*Task goal:*
Beginning with the line that holds "File:Loulea cargo ship" and ending with the last line below, repeat each line exactly, leaving any pictures out.

*Recorded data:*
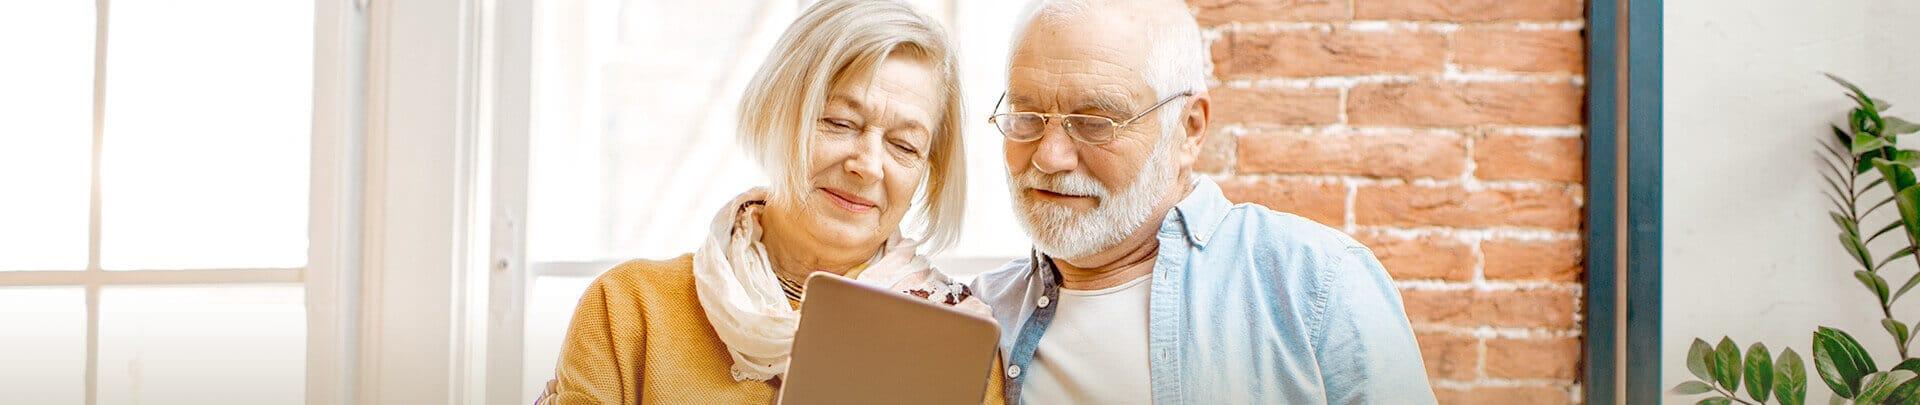 Seniorenpaar
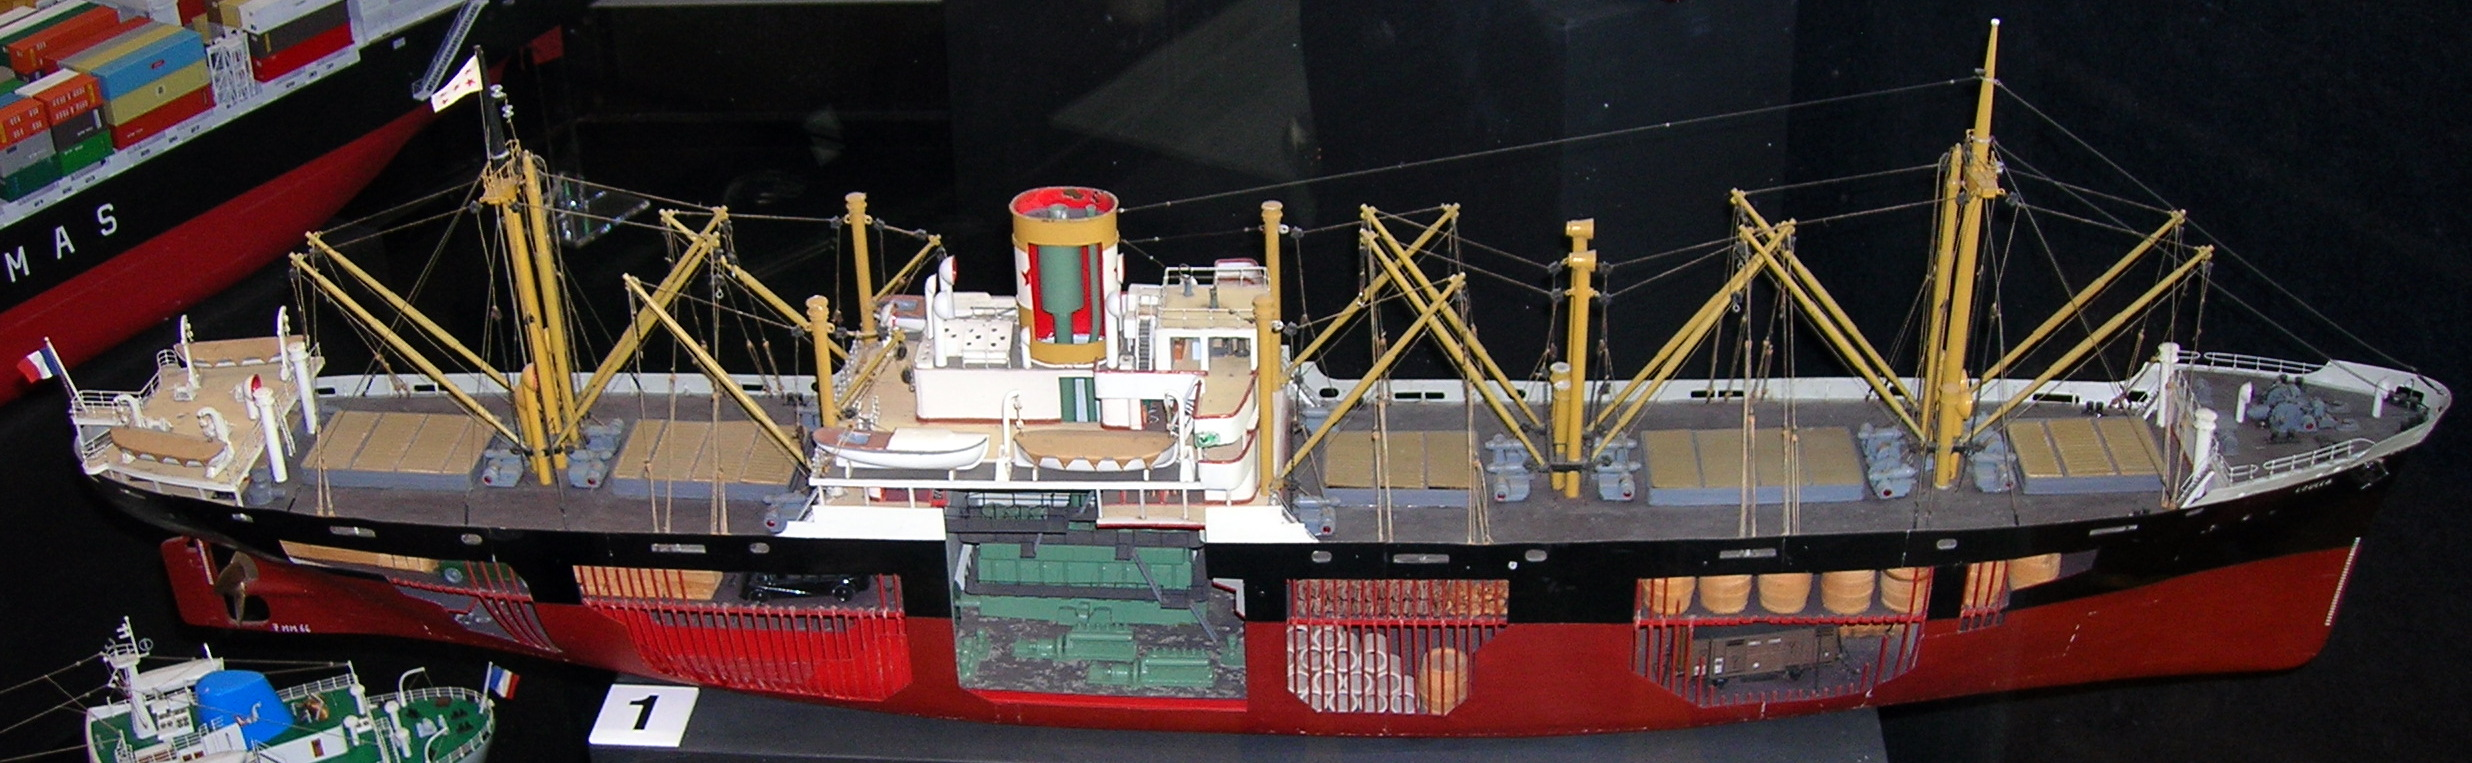 File:Loulea cargo ship model.jpg - Wikimedia Commons
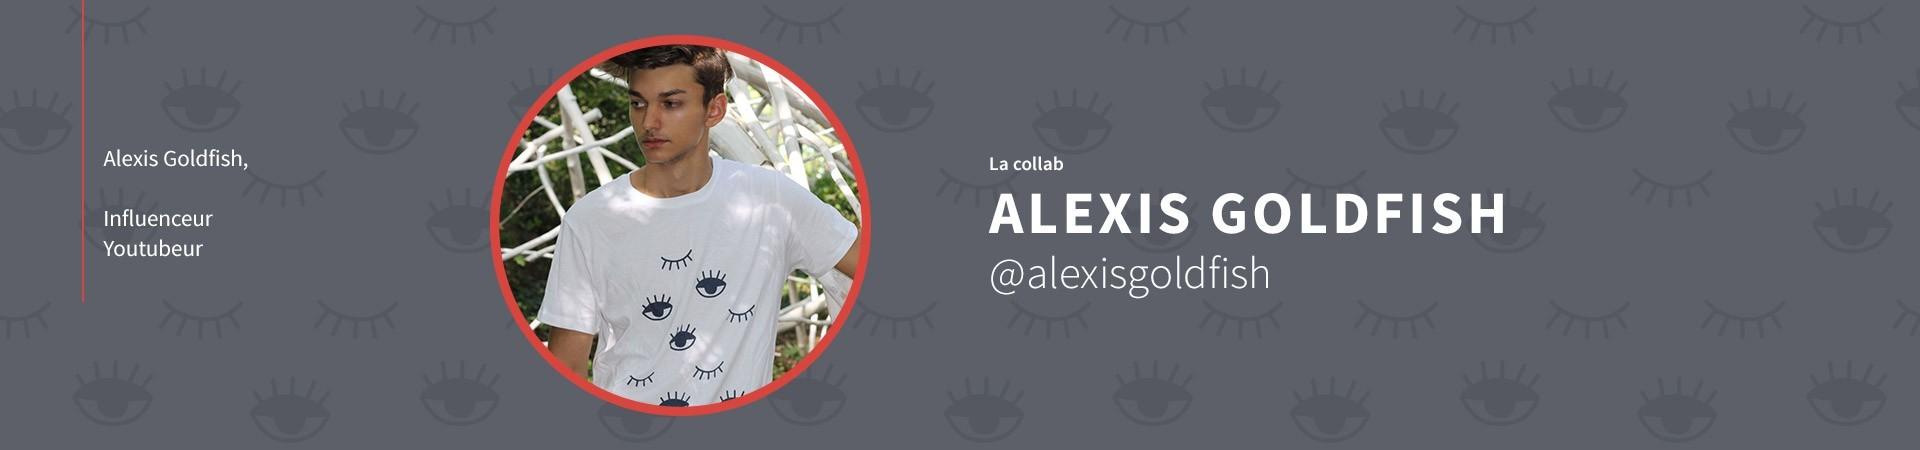 Alexis Goldfish

*Response to the task:*
 File:Loulea cargo ship model.jpg - Wikimedia Commons
 Alexis Goldfish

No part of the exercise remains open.